The institutes discussed here may specialise in agricultural medicine or form part of a health institute or an occupational medical institute.
Their personnel should include not only teachers, medical inspectors and practitioners but also all who can contribute to the declared educational and research goals. Some of the staff would be directly concerned with agricultural medicine (veterinary surgeons, toxicologists, bacteriologists and virologists, physiologists, agricultural engineers), while others, indirectly concerned, would make useful contributions of a statistical, psychological or sociological character.
The function of these institutes would be to harmonise education and research. Their three fields of action would be education, research and evaluation.
The importance of evaluation cannot be over-emphasised. It is poor practice to undertake research without knowing whether earlier work has been undertaken on the same subject and, if so, what its results were.

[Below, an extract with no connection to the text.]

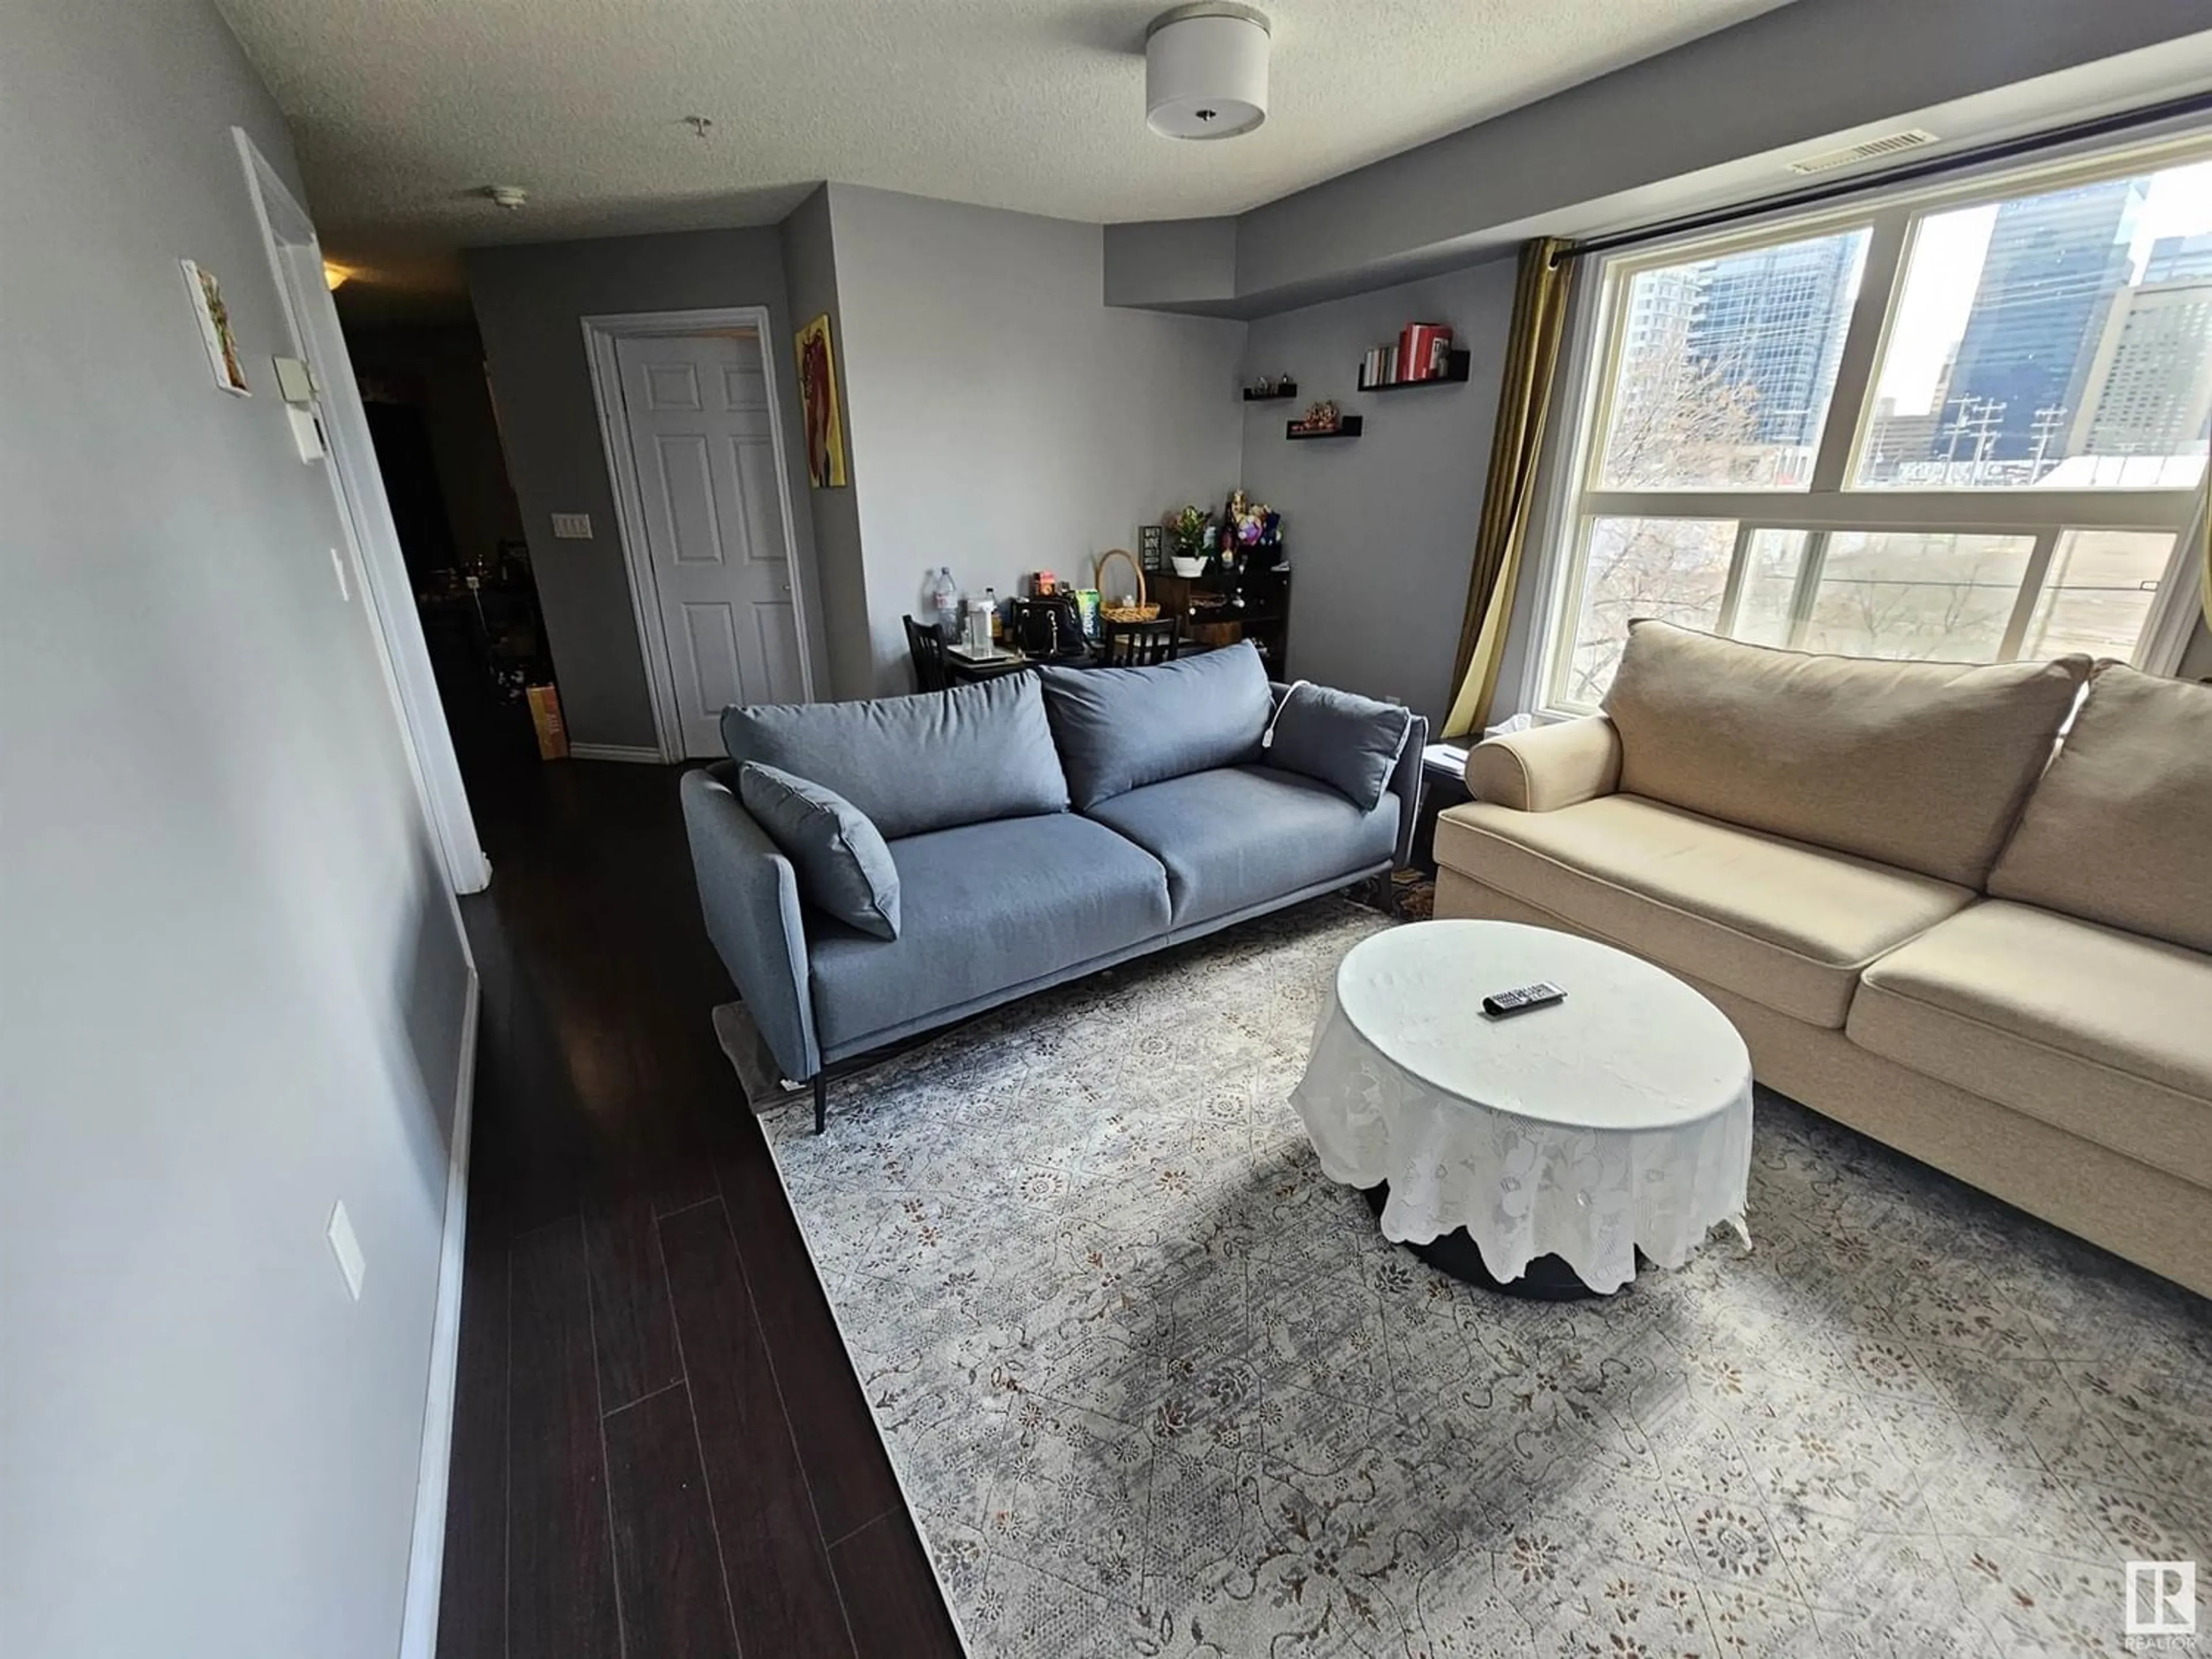 Living room for #301 10118 106 AV NW, Edmonton Alberta T5H0B8

Such an institute, serving simultaneously as a centre of agricultural medicine, a documentation centre and a statistical office for the rational processing of information, should be supplemented by a centre for conditions of employment, which would be concerned with job analysis, rationalisation, ergonomics, and so forth. There should also be a centre for occupational pathology, which would study toxicology, epidemiology and various advanced medical and technical subjects as the need arose, and a centre for psycho-sociology.
The need for collaboration between the different disciplines must be especially stressed.